PROMIS, Patient-Reported Outcomes Measurement Information System; SD, Standard Deviation; CI, Confidence Interval; PCS, Pain Catastrophizing Scale.

The p values were calculated by fitting in generalized logit model for categorical variables and generalized linear model for continuous variables with bonferroni correction.

Table 1 also summarizes the baseline characteristics of the patients in final analysis (8,869 patients). Opioid and/or cannabis use is associated with worse scores for pain intensity, pain catastrophizing, pain interference, pain behavior, fatigue, depression, anxiety, anger, sleep quality, social isolation, and satisfaction with social roles and activities. Emotional support was the only measure that was not significantly different between the groups.

We observed a similar pattern in models weighted by inversed propensity scores (Table 2).

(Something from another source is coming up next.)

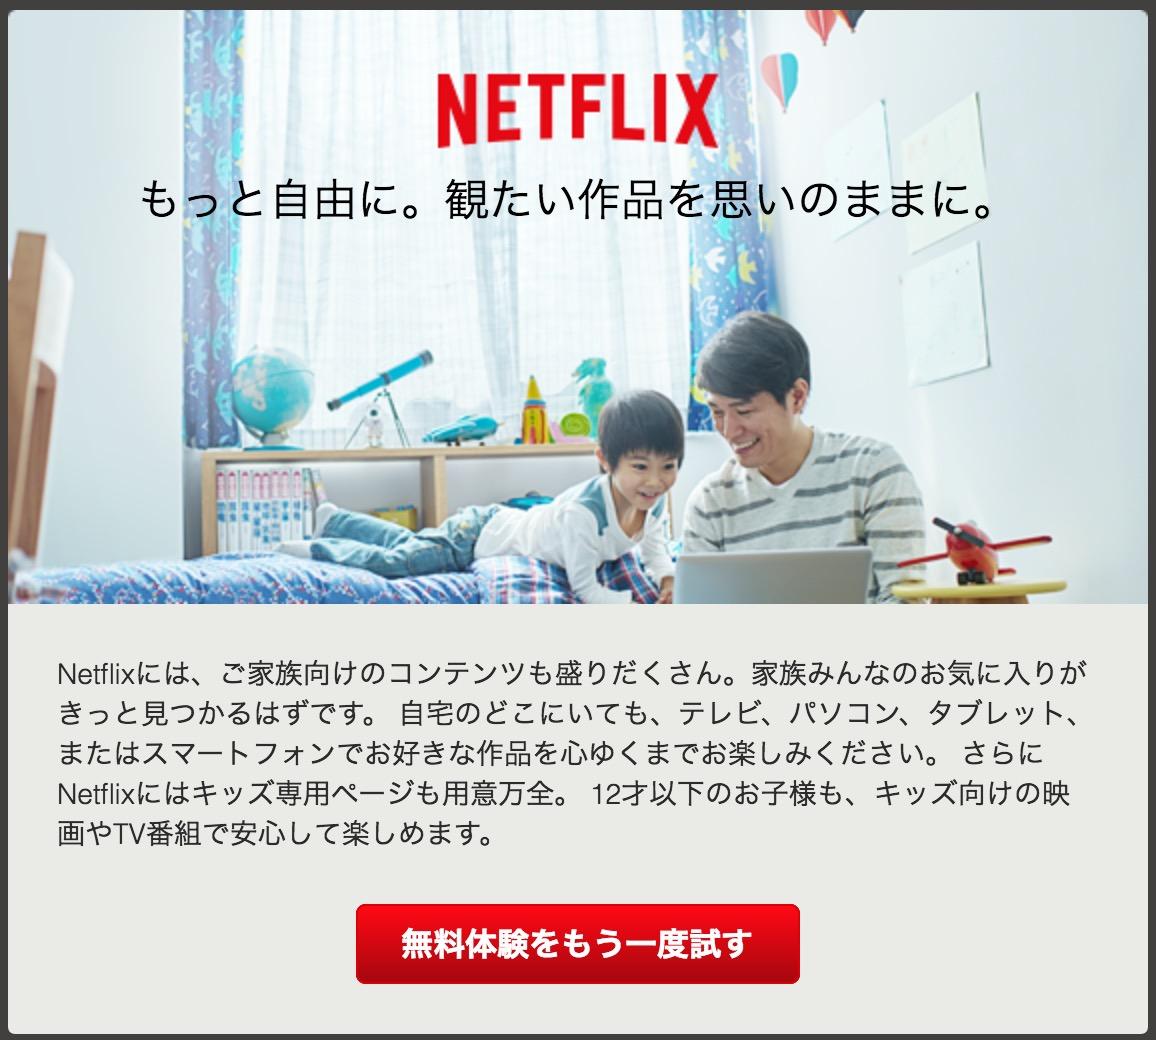 Netflixを一度解約したのに再び無料体験ができることに!?

Comparing with patients who denied use of opioid and cannabis, opioid and/or cannabis users reported more widespread pain; higher pain intensity; and worse anger, anxiety, depression, fatigue, pain behavior, pain interference, satisfaction with social roles, social isolation, sleep impairment, and sleep disturbance. Similarly, the differences in emotional support were not significant in either group after weighting for inverse propensity scores.

Table 2.

Differences in pain intensity, body Map areas and PROMIS measures by cohort^a.

Outcome	Cannabis Onlyc		Opioid Onlyc		Opioid + Cannabisc
	Estimate (CI)	P-value	Estimate (CI)	P-value	Estimate (CI)	P-value
No. Wide-spread Pain	2.90 (1.86, 3.94)	<.001c	3.01 (2.42, 3.59)	<.001c	4.80 (3.50, 6.09)	<.001c
Pain Intensity - Average	0.11 (−0.07, 0.28)	0.23	0.80 (0.71, 0.89)	<.001c	0.75 (0.53, 0.97)	<.001c
Pain Catastrophizing Scale	0.80 (−0.22, 1.81)	0.12	2.30 (1.76, 2.85)	<.001c	3.47 (2.21, 4.74)	<.001c
PROMIS Anger	2.29 (1.46, 3.11)	<.001c	1.55 (1.12, 1.99)	<.001c	3.35 (2.32, 4.38)	<.001c
PROMIS Anxiety	1.37 (0.59, 2.16)	0.001b	1.41 (0.99, 1.82)	<.001c	3.25 (2.27, 4.23)	<.001c
PROMIS Depression	1.74 (0.95, 2.53)	<.001c	2.03 (1.61, 2.45)	<.001c	4.20 (3.21, 5.19)	<.001c
PROMIS Emotional Support	−0.21 (−0.97, 0.54)	0.58	0.21 (−0.19, 0.62)	0.30	0.84 (−0.10, 1.79)	0.08
PROMIS Fatigue	1.40 (0.58, 2.21)	0.001b	2.98 (2.55, 3.42)	<.001c	5.15 (4.13, 6.17)	<.001c
PROMIS Pain Behavior	1.05 (0.64, 1.46)	<.001c	1.90 (1.69, 2.12)	<.001c	2.65 (2.14, 3.17)	<.001c
PROMIS Pain Interference	1.08 (0.48, 1.68)	<.001c	3.05 (2.73, 3.36)	<.001c	4.18 (3.42, 4.93)	<.001c
PROMIS Satisfaction Role	−2.39 (−3.17, −1.62)	<.001c	−3.52 (−3.93, −3.10)	<.001c	−5.95 (−6.91, −4.98)	<.001c
PROMIS Sleep Disturbance	1.31 (0.57, 2.05)	0.001b	2.92 (2.53, 3.31)	<.001c	3.87 (2.94, 4.80)	<.001c
PROMIS Sleep Impairment	1.22 (0.42, 2.02)	0.003b	2.43 (2.00, 2.85)	<.001c	3.33 (2.34, 4.33)	<.001c
PROMIS Social Isolation	2.58 (1.83, 3.34)	<.001c	1.40 (1.00, 1.81)	<.001c	3.92 (2.97, 4.86)	<.001c

CI, Confidence Interval; PROMIS, Patient-Reported Outcomes Measurement Information System.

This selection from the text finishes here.